** Data below follows **

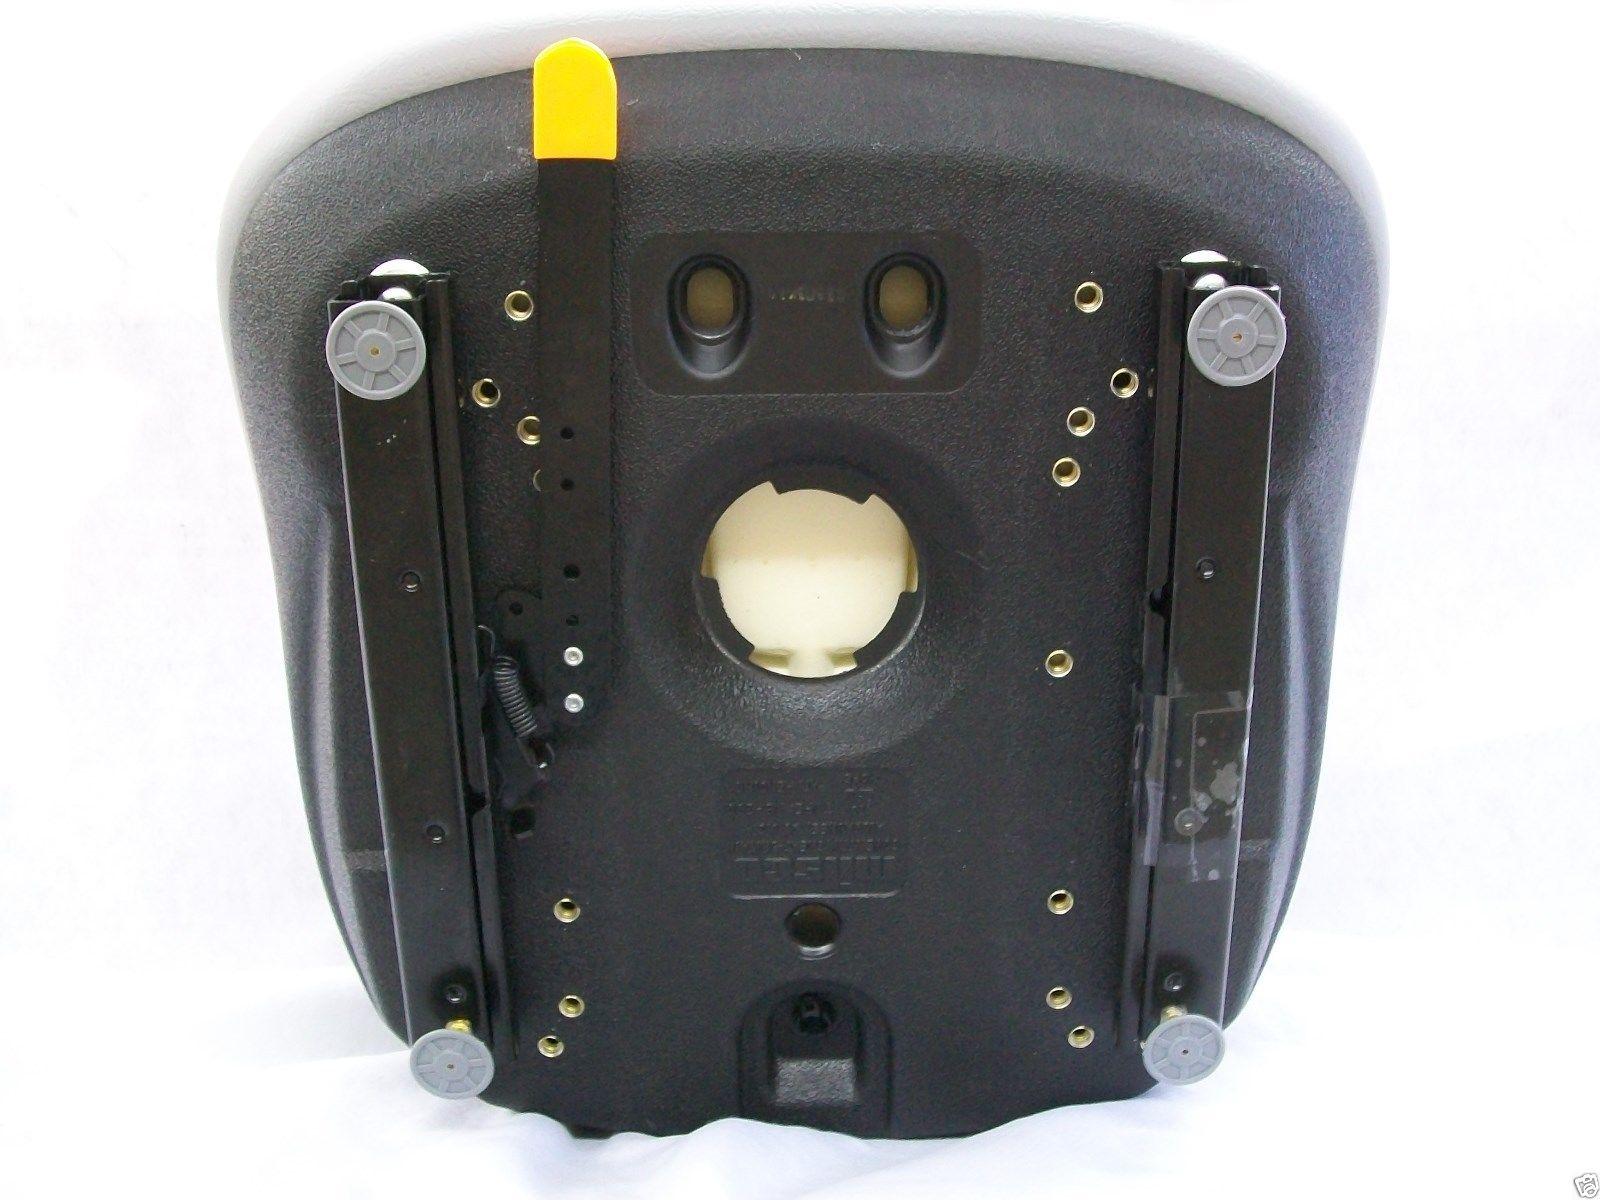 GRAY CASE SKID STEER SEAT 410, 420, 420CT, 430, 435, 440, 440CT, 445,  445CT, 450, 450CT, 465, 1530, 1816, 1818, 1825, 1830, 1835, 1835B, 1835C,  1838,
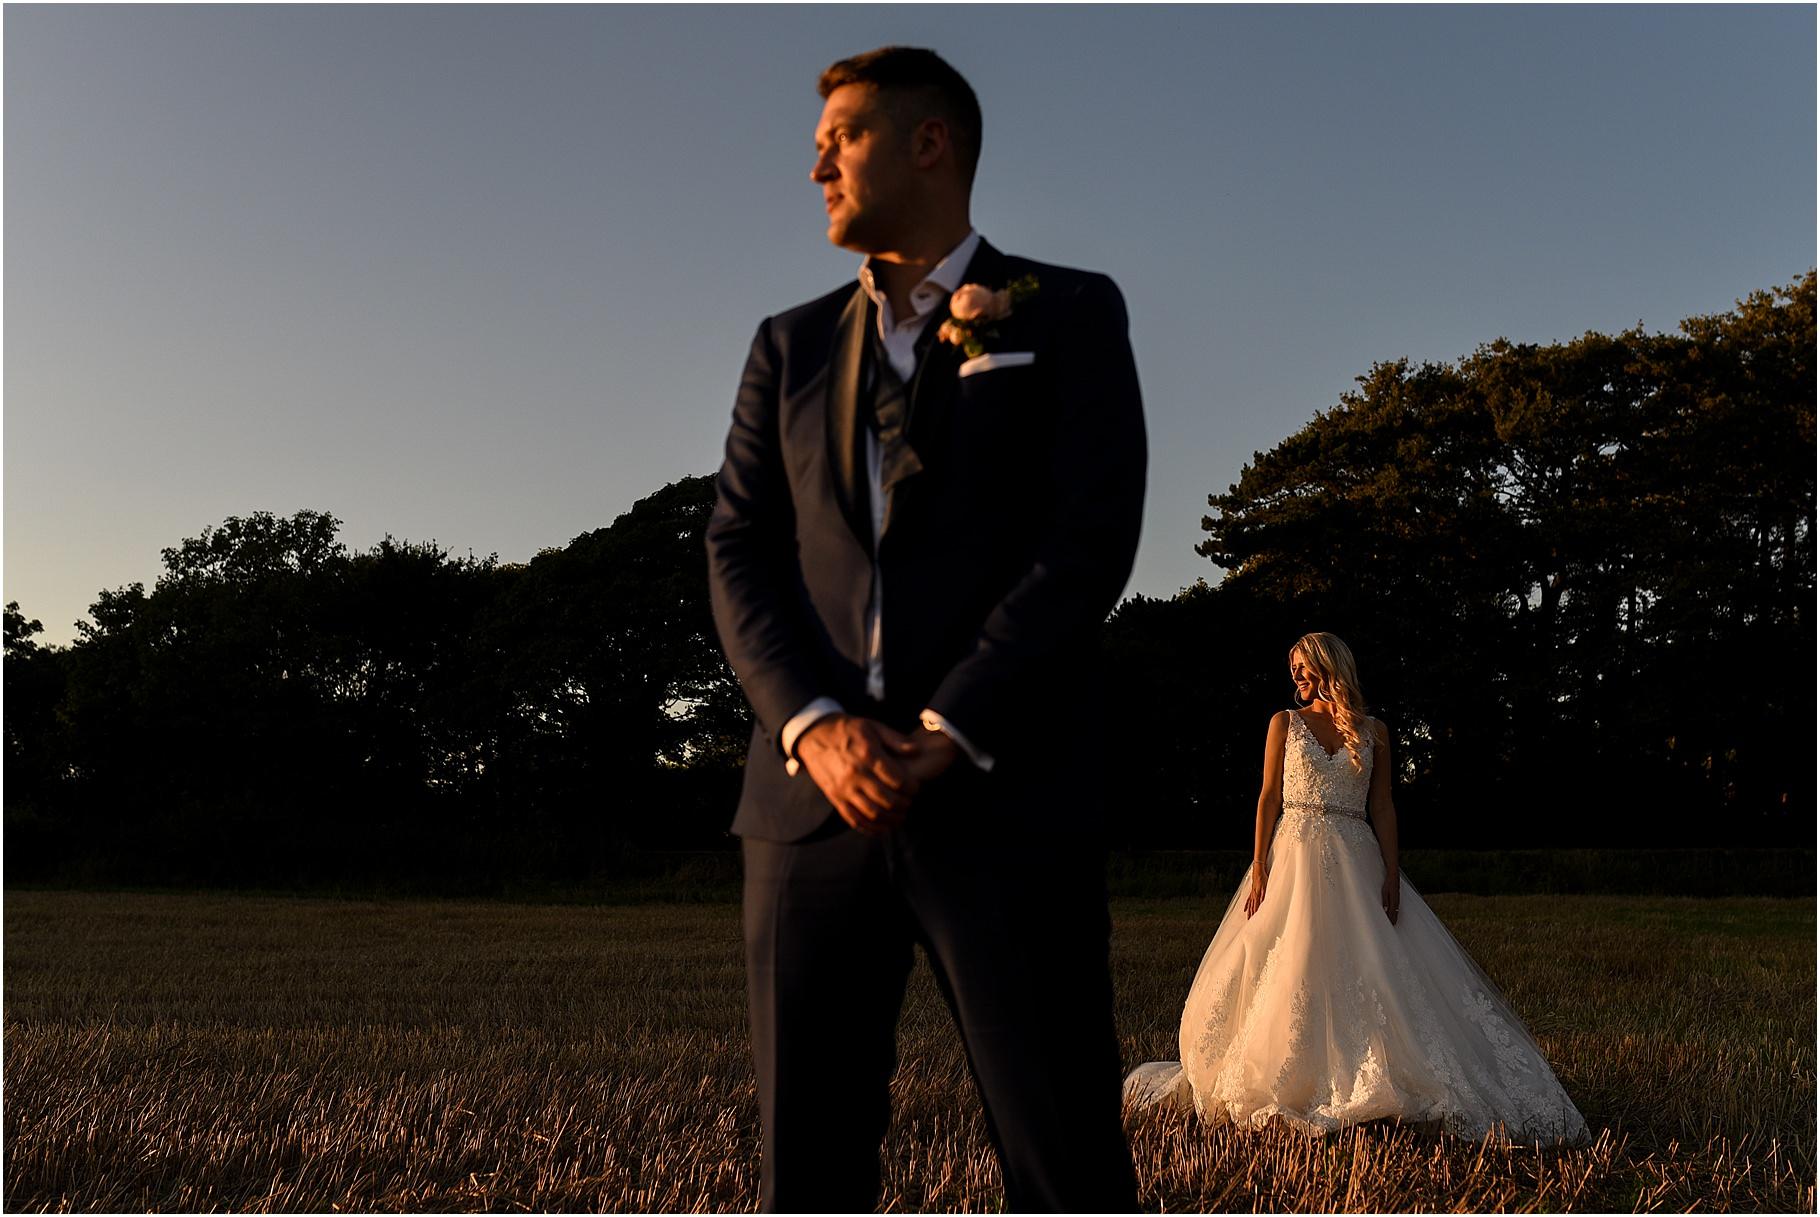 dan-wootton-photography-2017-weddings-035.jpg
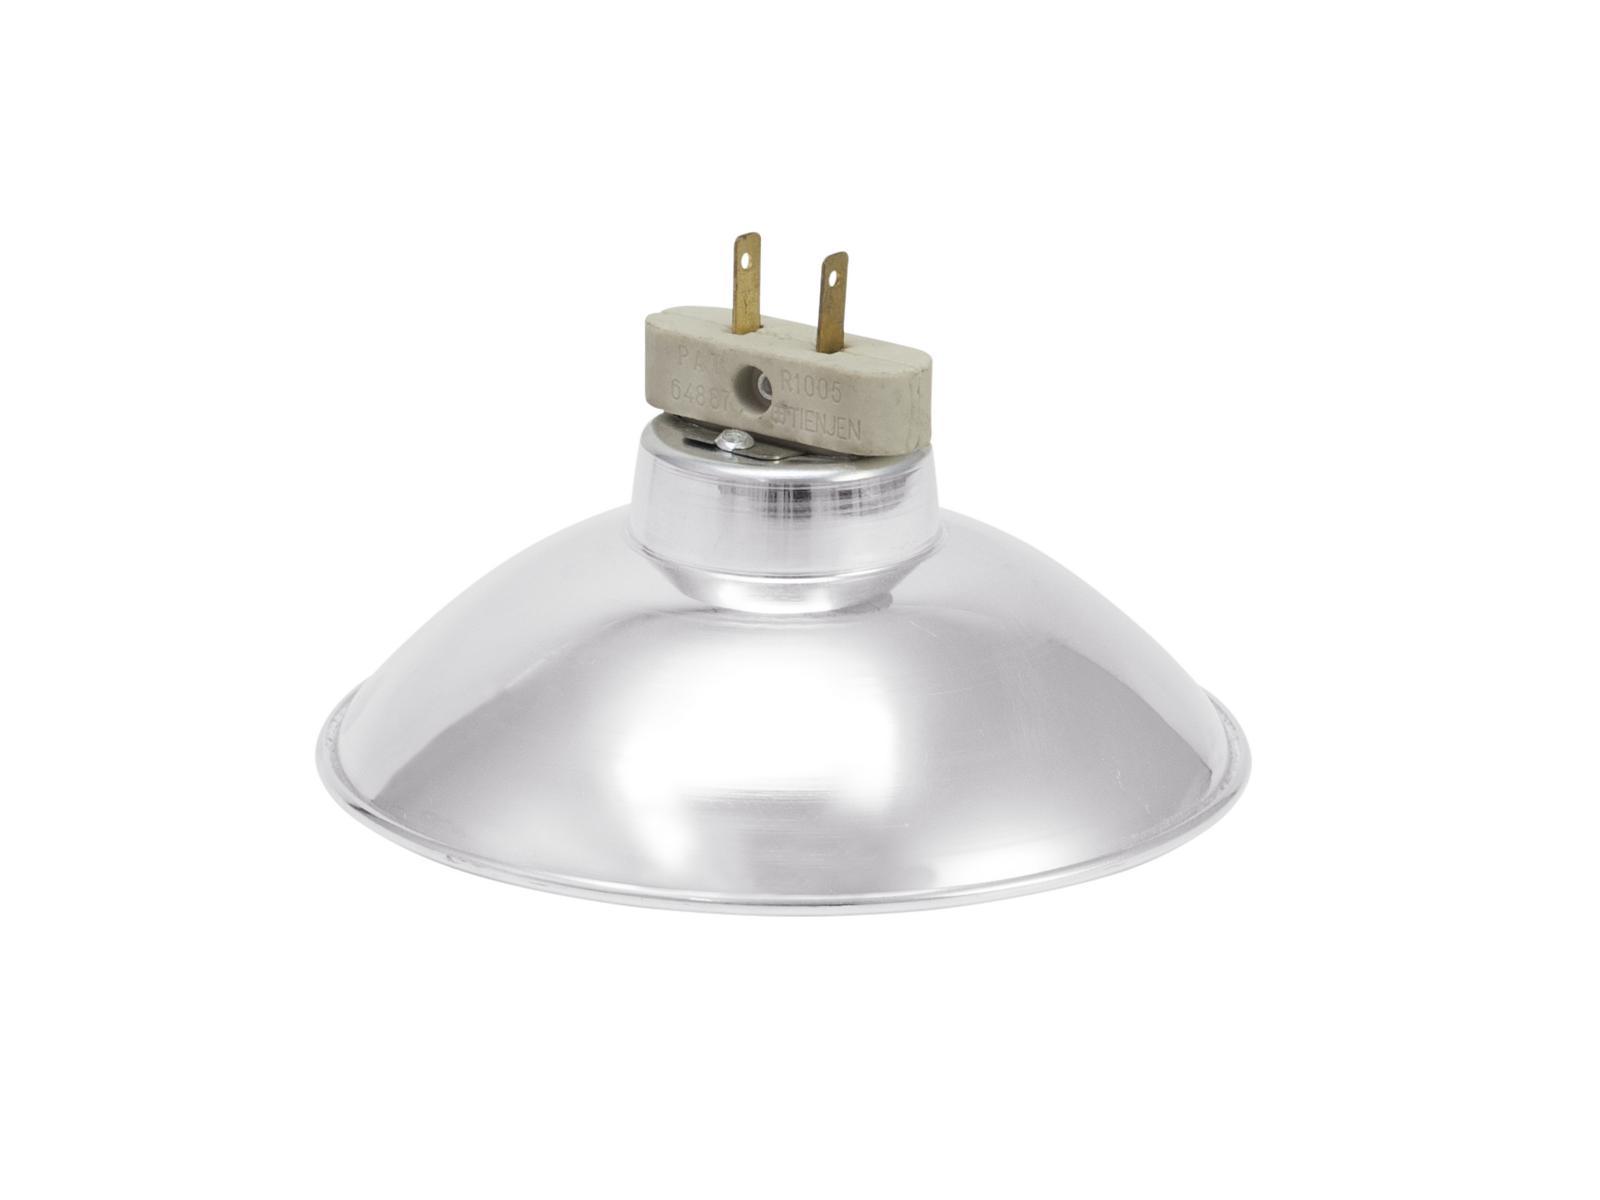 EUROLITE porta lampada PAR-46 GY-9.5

** End of Data below **

> [What you are asked to do]: Only the lines from the one containing "dan-wootton-photography-2017-weddings-035.jpg" through the end of the listing should be output, word for word and inclusive; keep pictures out.

> [Finished task]:
 dan-wootton-photography-2017-weddings-035.jpg
 EUROLITE porta lampada PAR-46 GY-9.5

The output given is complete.